┌──
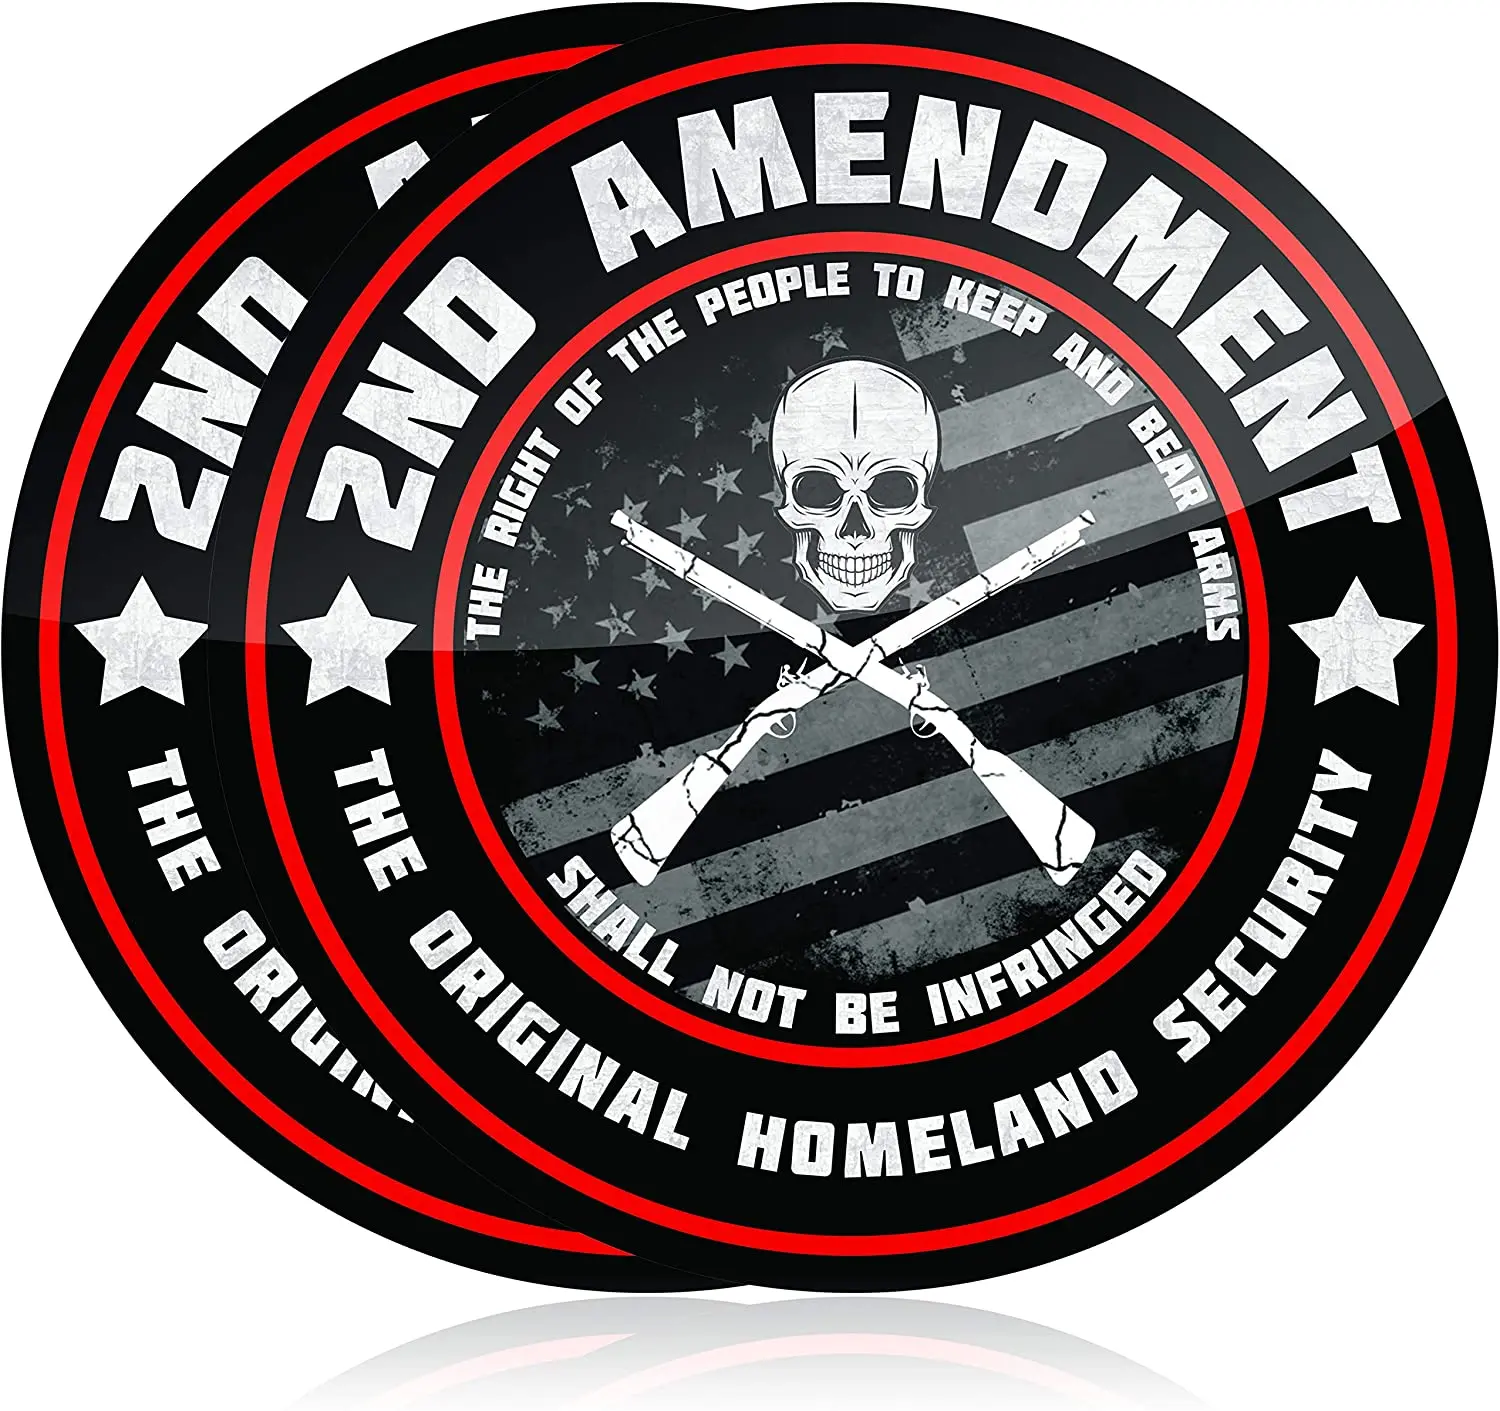 

Premium 2nd Amendment Stickers (2 Pack) Diameter Great for Your Truck or Toolbox High Quality KK Vinyl Cover Scratches PVC
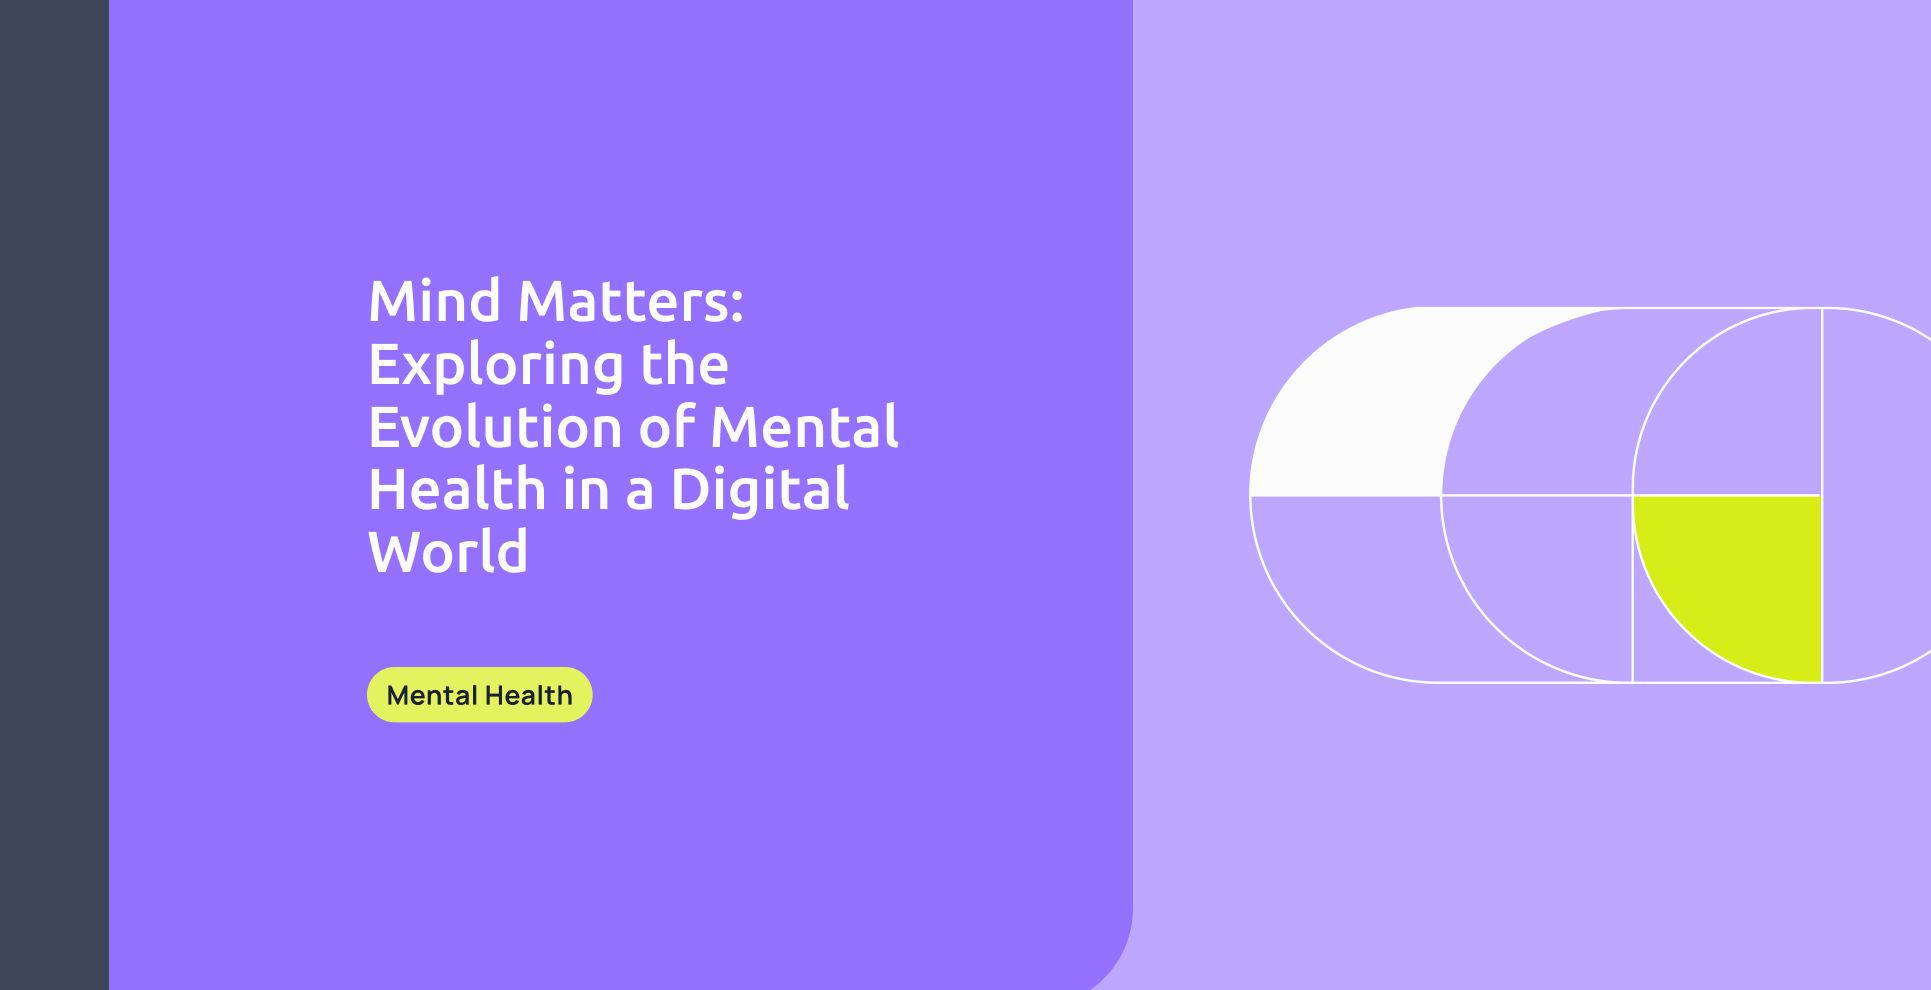 Mind Matters: Exploring the Evolution of Mental Health in a Digital World
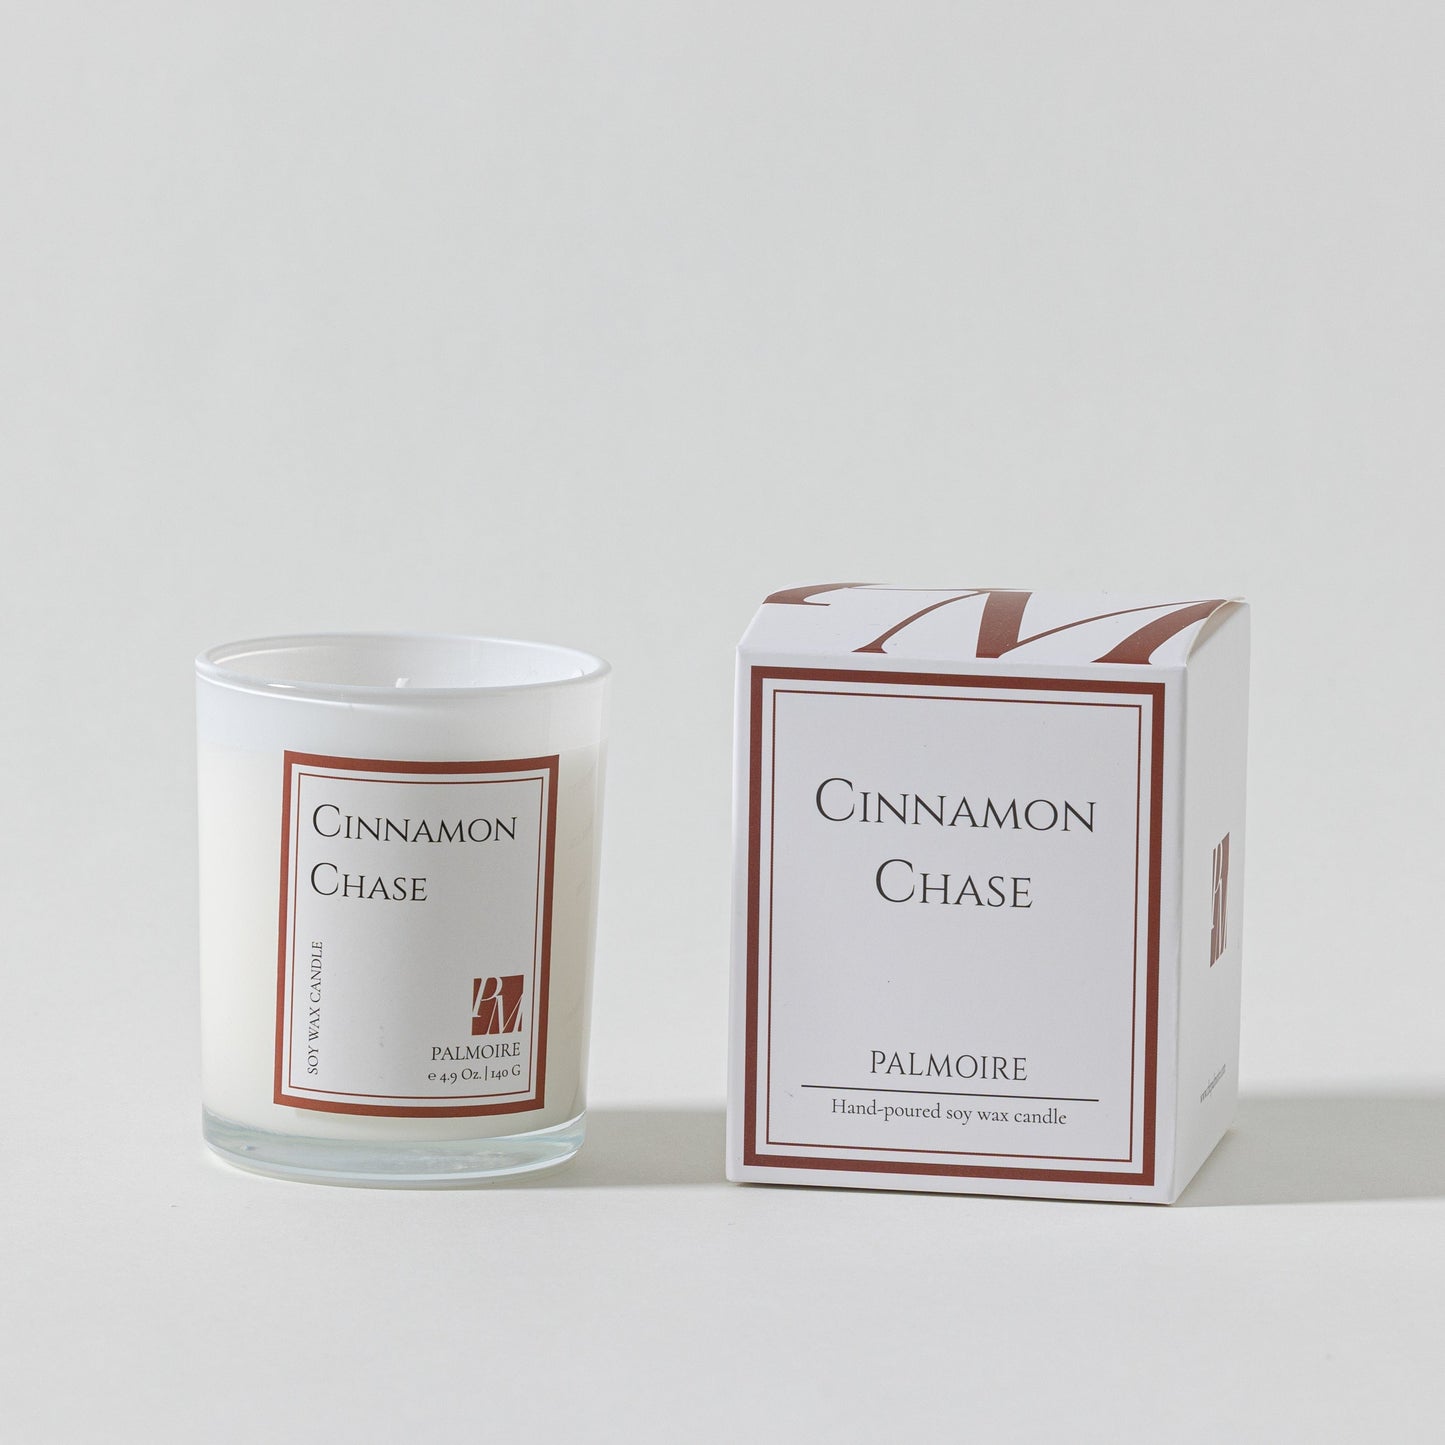 Cinnamon Chase Soy Wax Candle
└──
■ **PROBLEM STATEMENT**
The whole listing above is to be printed again exactly; pictures stay out of it.

■ **ANSWER FOR THE TASK**
Premium 2nd Amendment Stickers (2 Pack) Diameter Great for Your Truck or Toolbox High Quality KK Vinyl Cover Scratches PVC
 Mind Matters: Exploring the Evolution of Mental Health in a Digital World
 Cinnamon Chase Soy Wax Candle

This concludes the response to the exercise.